После рождественского бала минуло три дня. Наталья пребывала в лихорадочном состоянии. Ей постоянно чудился голос князя, она явственно ощущала запах его одеколона, перед ней стояло его лицо — на нем добротой и смелой решительностью сияли черные глаза. За столом она почти ничего не ела, на вопросы семейных отвечала невпопад.

Братец Андрей язвительно улыбался:

— Наташка влюбилась в полковника, сохнет по нем!

— Прекрати паясничать! — обрывала его мать. — А хоть бы и влюбилась, что ж такого! Он знатный и богатый, о таком женишке можно лишь мечтать.
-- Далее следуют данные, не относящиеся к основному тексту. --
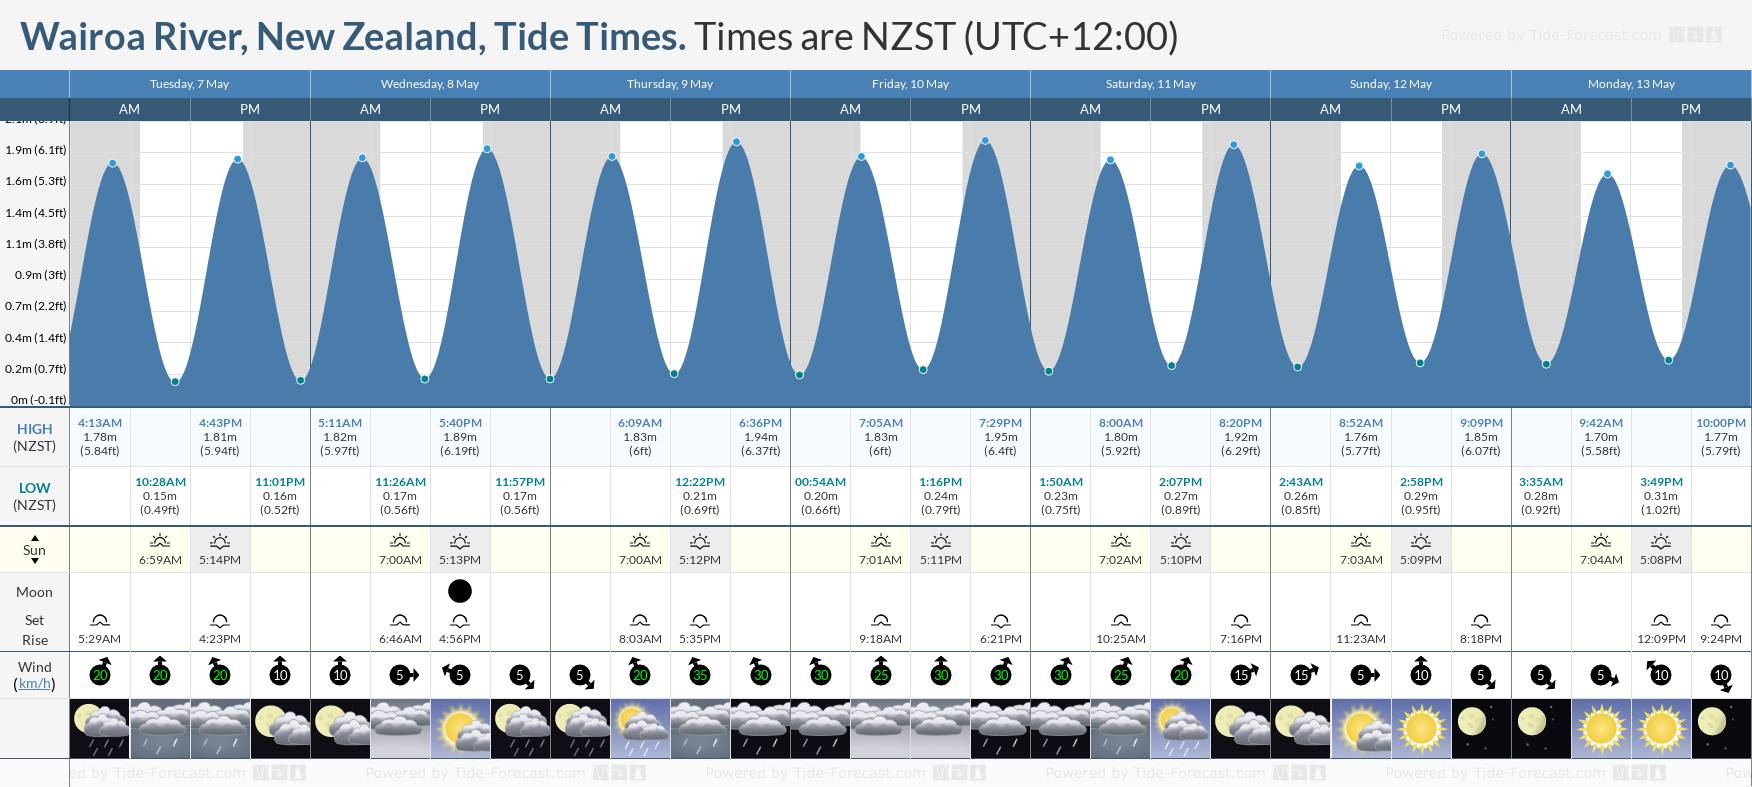 Wairoa River, New Zealand Tide Chart including high and low tide tide times for the next 7 days
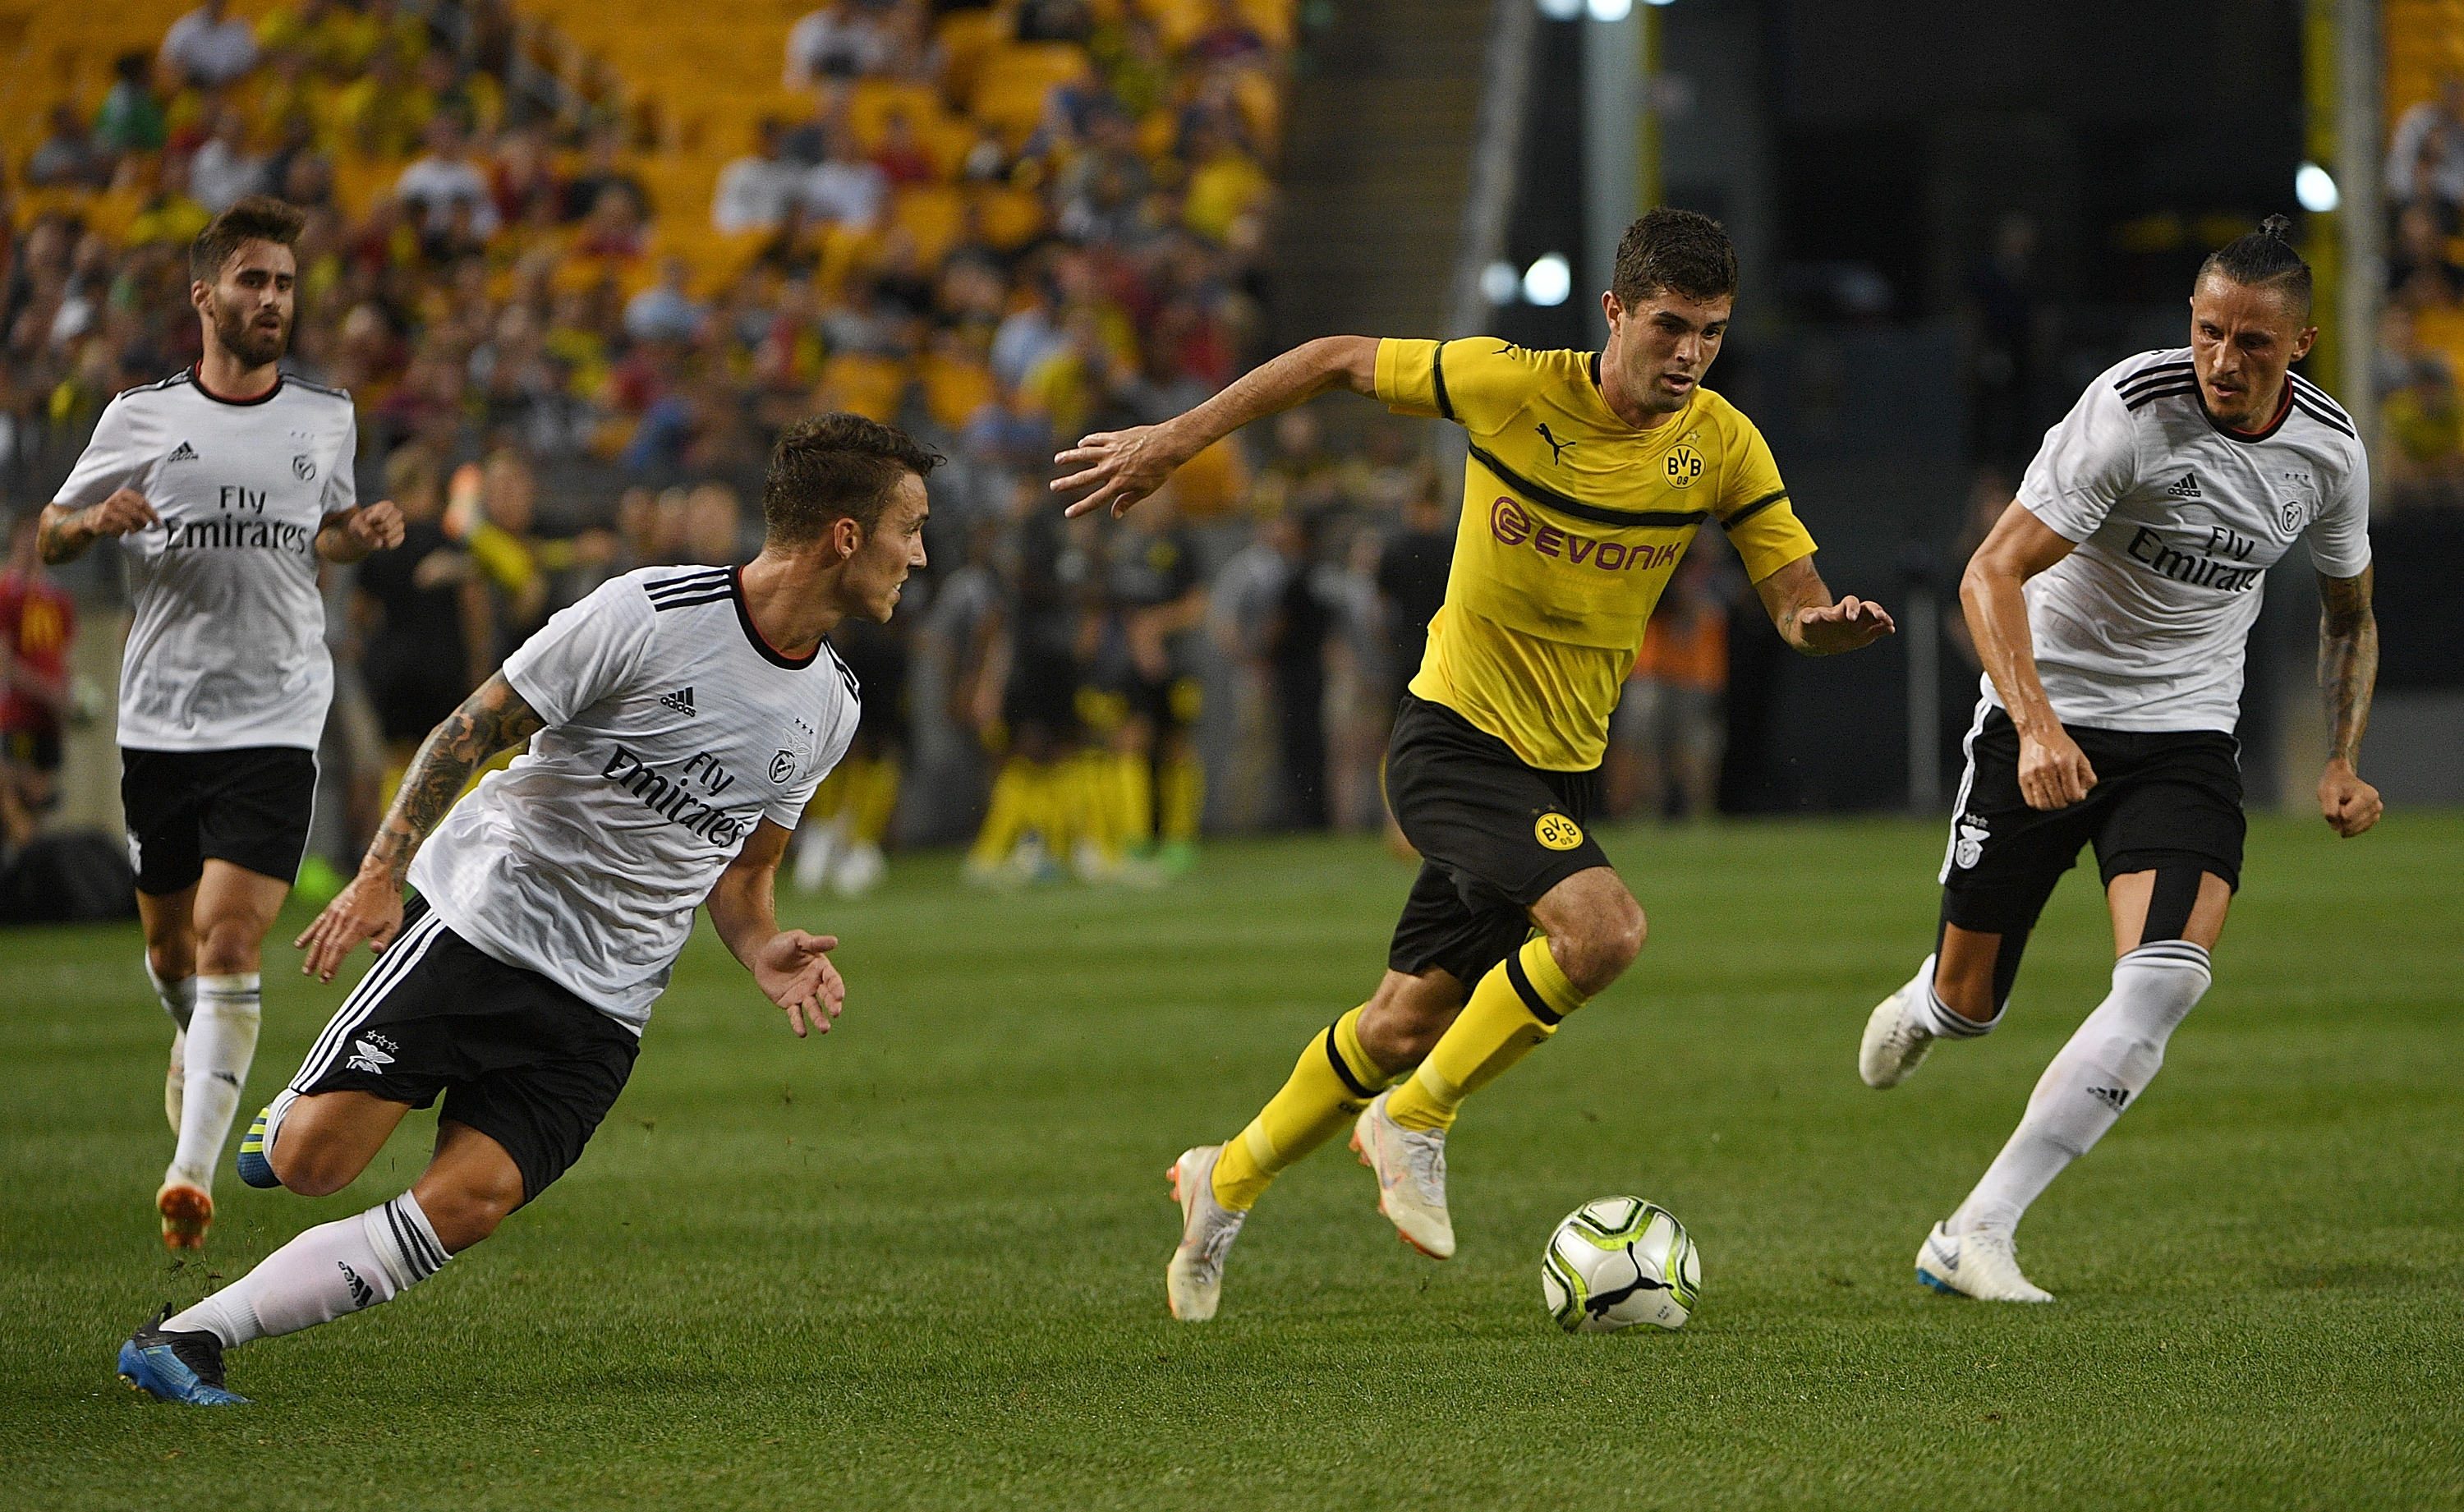 PITTSBURGH, PA - JULY 25: Christian Pulisic #22 of Borussia Dortmund controls the ball as he runs past Alex Grimaldo #3 and Ljubomir Fejsa #5 of Benfica in the first half during the 2018 International Champions Cup match at Heinz Field on July 25, 2018 in Pittsburgh, Pennsylvania. (Photo by Justin Berl/Getty Images)

В разговор вступала Елизавета:

— Маман, о чем это вы? Какой «женишок»? Да у него таких «невест» на каждой улице по дюжине! Знаем мы этих конногвардейцев.

Елизавета, которой шел 23-й год, уже успела побывать замужем. Года за три до описываемых событий за нее посватался овдовевший начальник Пересыльной тюрьмы. Хотя ему было под пятьдесят, но родители Елизаветы с радостью согласились. И причин тому было несколько. Главная — жених считался человеком состоятельным, на солидном месте имел приличное жалованье.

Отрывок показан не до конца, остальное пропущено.